斜面から崩れ落ちた巨大な岩が「落石防護柵」と「ロックネット」の2重の柵を破り、道路を塞いだということです。
岐阜県によりますと、この土砂崩れに巻き込まれた車やけが人はいないということです。
「進行性破壊」が起きた可能性

発生当時の30日の天気は「晴れ」。地震が起きたという記録もありません。
地盤工学が専門の弘前大学、森洋教授は、岩盤の「進行性破壊」が起きた可能性を指摘しています。
「進行性破壊」とは、これまでの雨や地震でできた亀裂が年月を重ねて広がり、突然の崩壊につながる現象で、全国どこでも起こり得ると警鐘を鳴らしています。
30日、土木事務所の職員や専門家ら約10人が現地で調査を行い、発生源の特定などを進めています。

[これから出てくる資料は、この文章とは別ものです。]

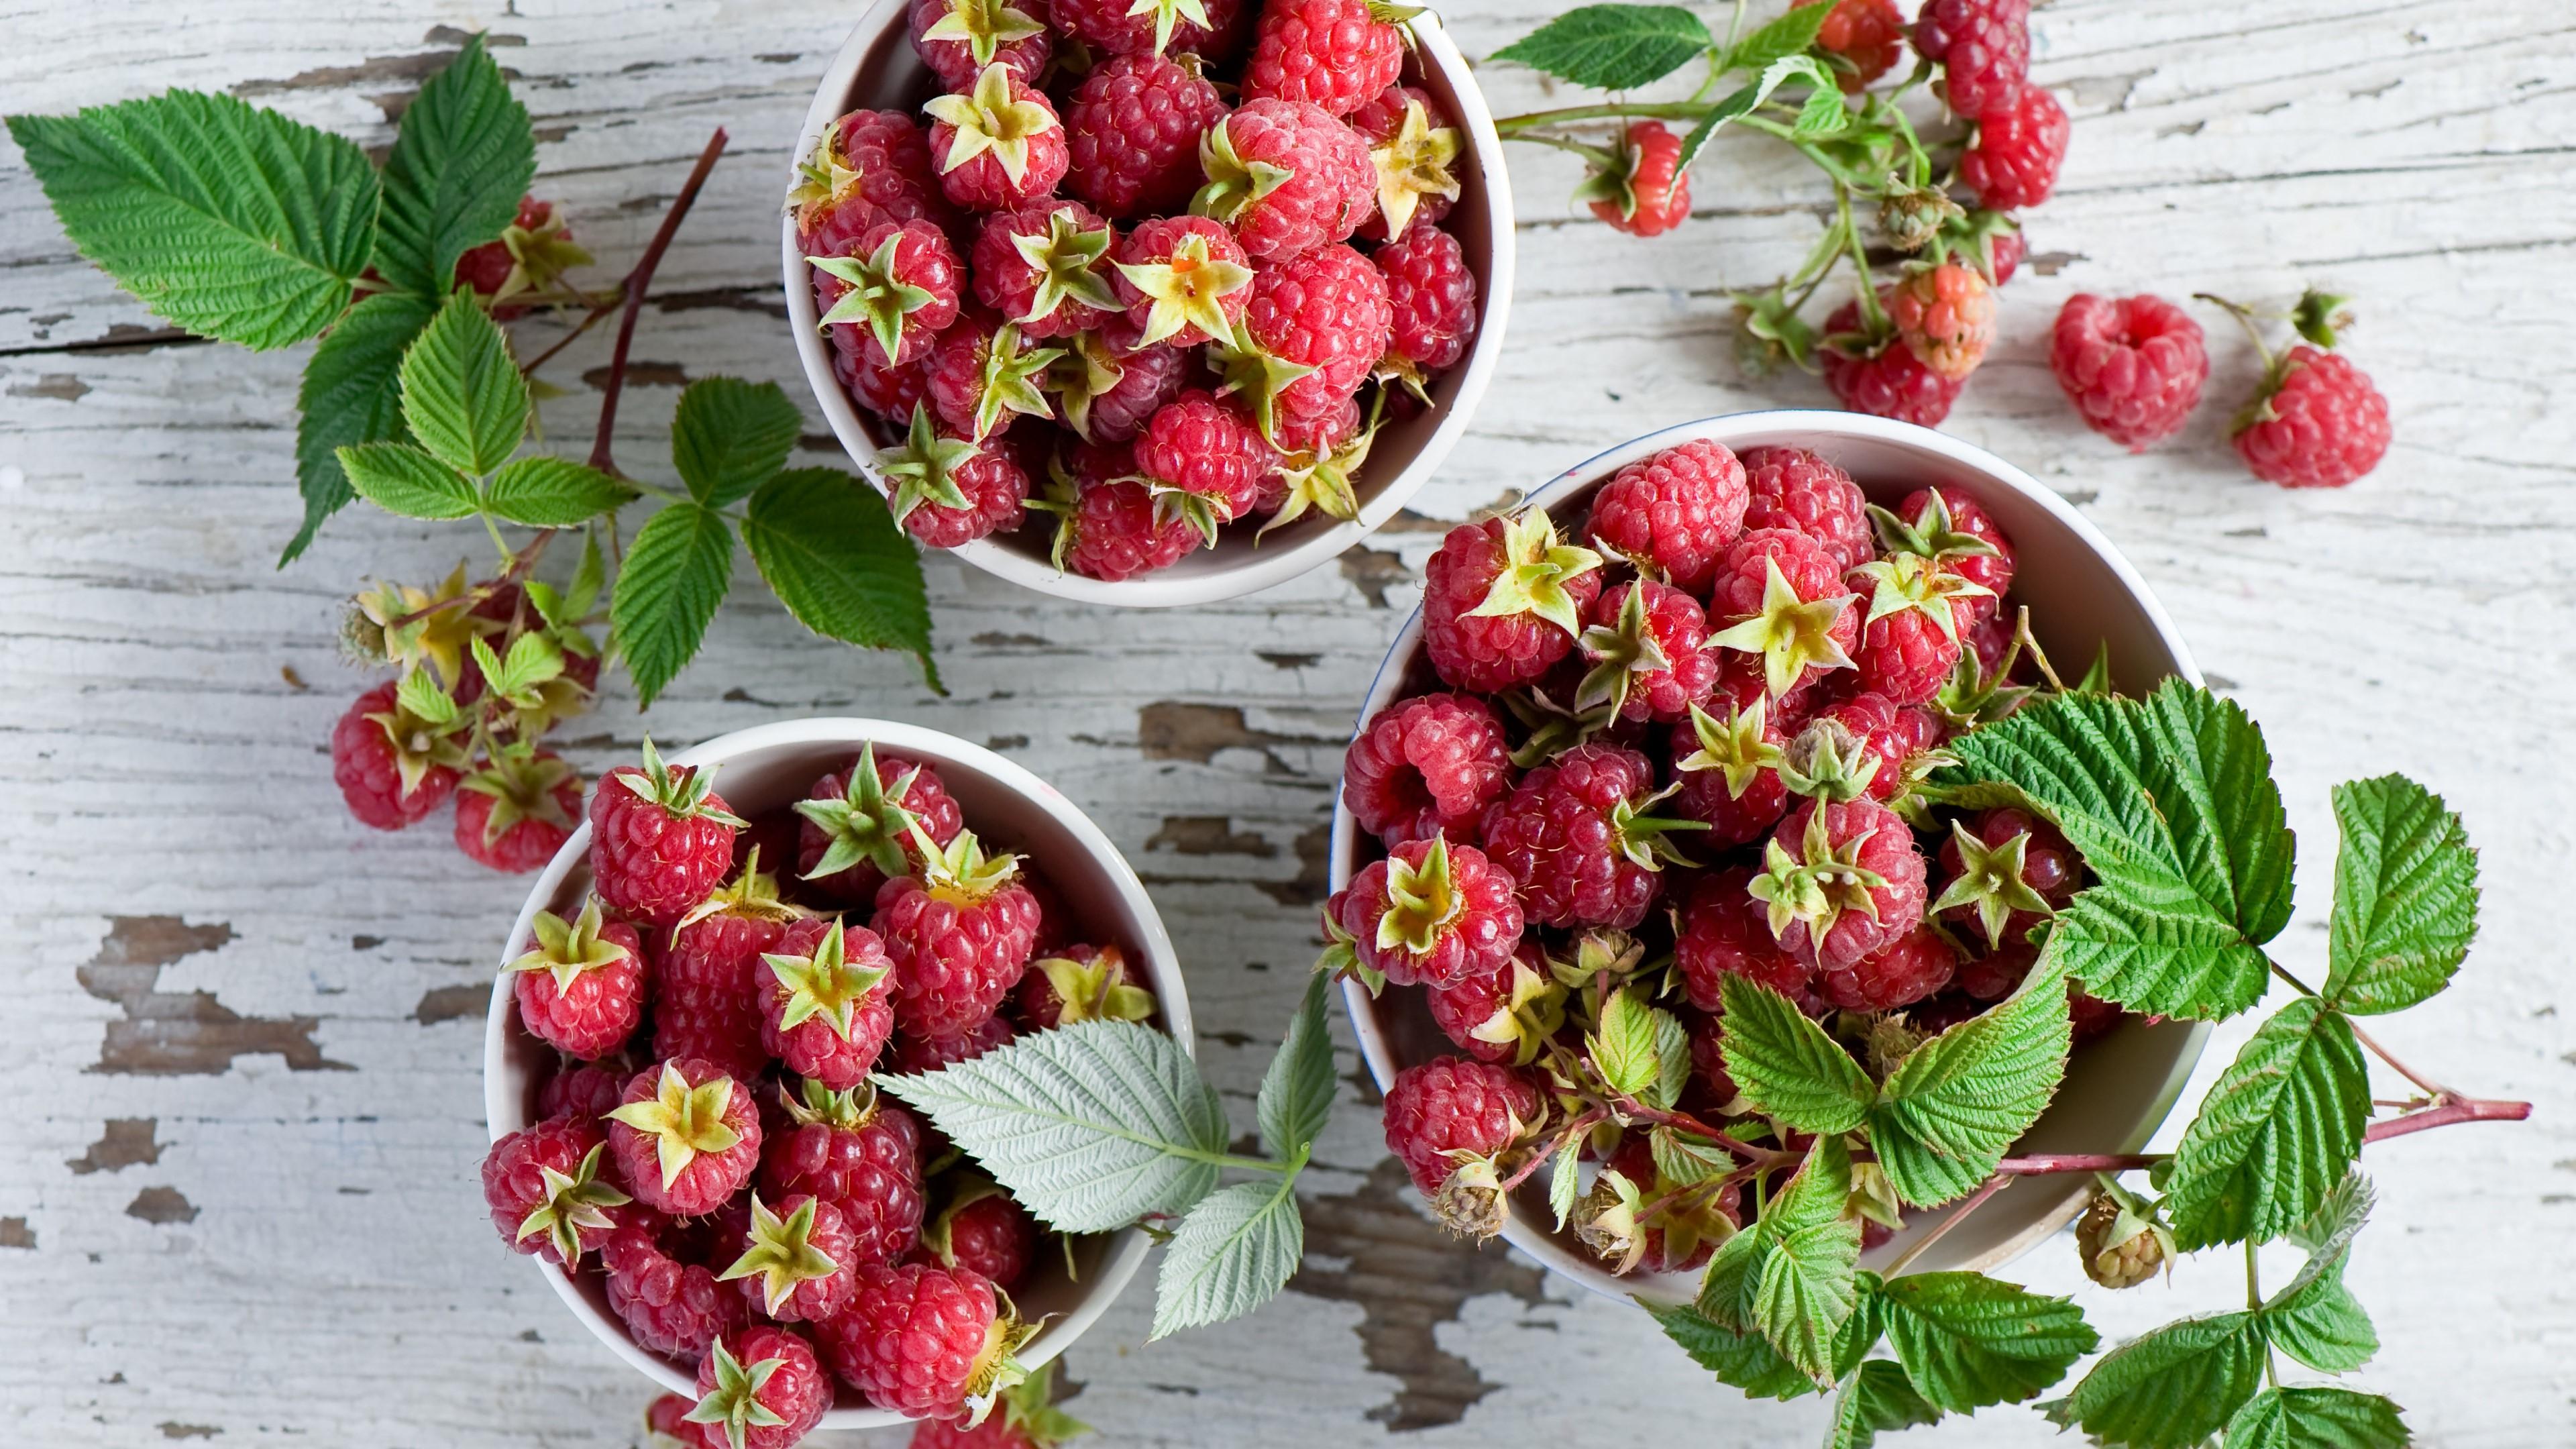 Wallpaper Table of raspberries

県道15号は、現在も通行止めになっていて復旧の目途は立っていません。
「進行性破壊」前兆がないケースが多く予見難しい

いったいなぜ起きたのか?地盤工学が専門の弘前大学・森洋教授に話を伺いました。
森教授は 「岩盤の進行性破壊」の可能性があると指摘しています。過去の地震や大雨で小さな亀裂が発生し、それが長い年月をかけてどんどん拡大。そしてある日突然、崩れ落ちる現象だということです。
岩盤の進行性破壊は、前兆がないケースが多く、予見が難しい特徴があるそうです。また、全国どこでも起こり得ることも特徴だとしています。
防ぐ方法としては…。
目視での確認が主流だということですが、調査の規模や頻度には限界があり、未然に防ぐには新たな技術が必要だと指摘しています。
今回の現場では、ドローンで上空から確認する様子も見られましたが、木が生い茂っていて地面を確認することが困難な場合もあるそうです。
今回の現場の付近で、また別の土砂崩れが起きる可能性についても聞きましたが、森教授は、地盤の性質は少し場所がかわっただけで変化している場合があり、判断するのは非常に難しいとしています。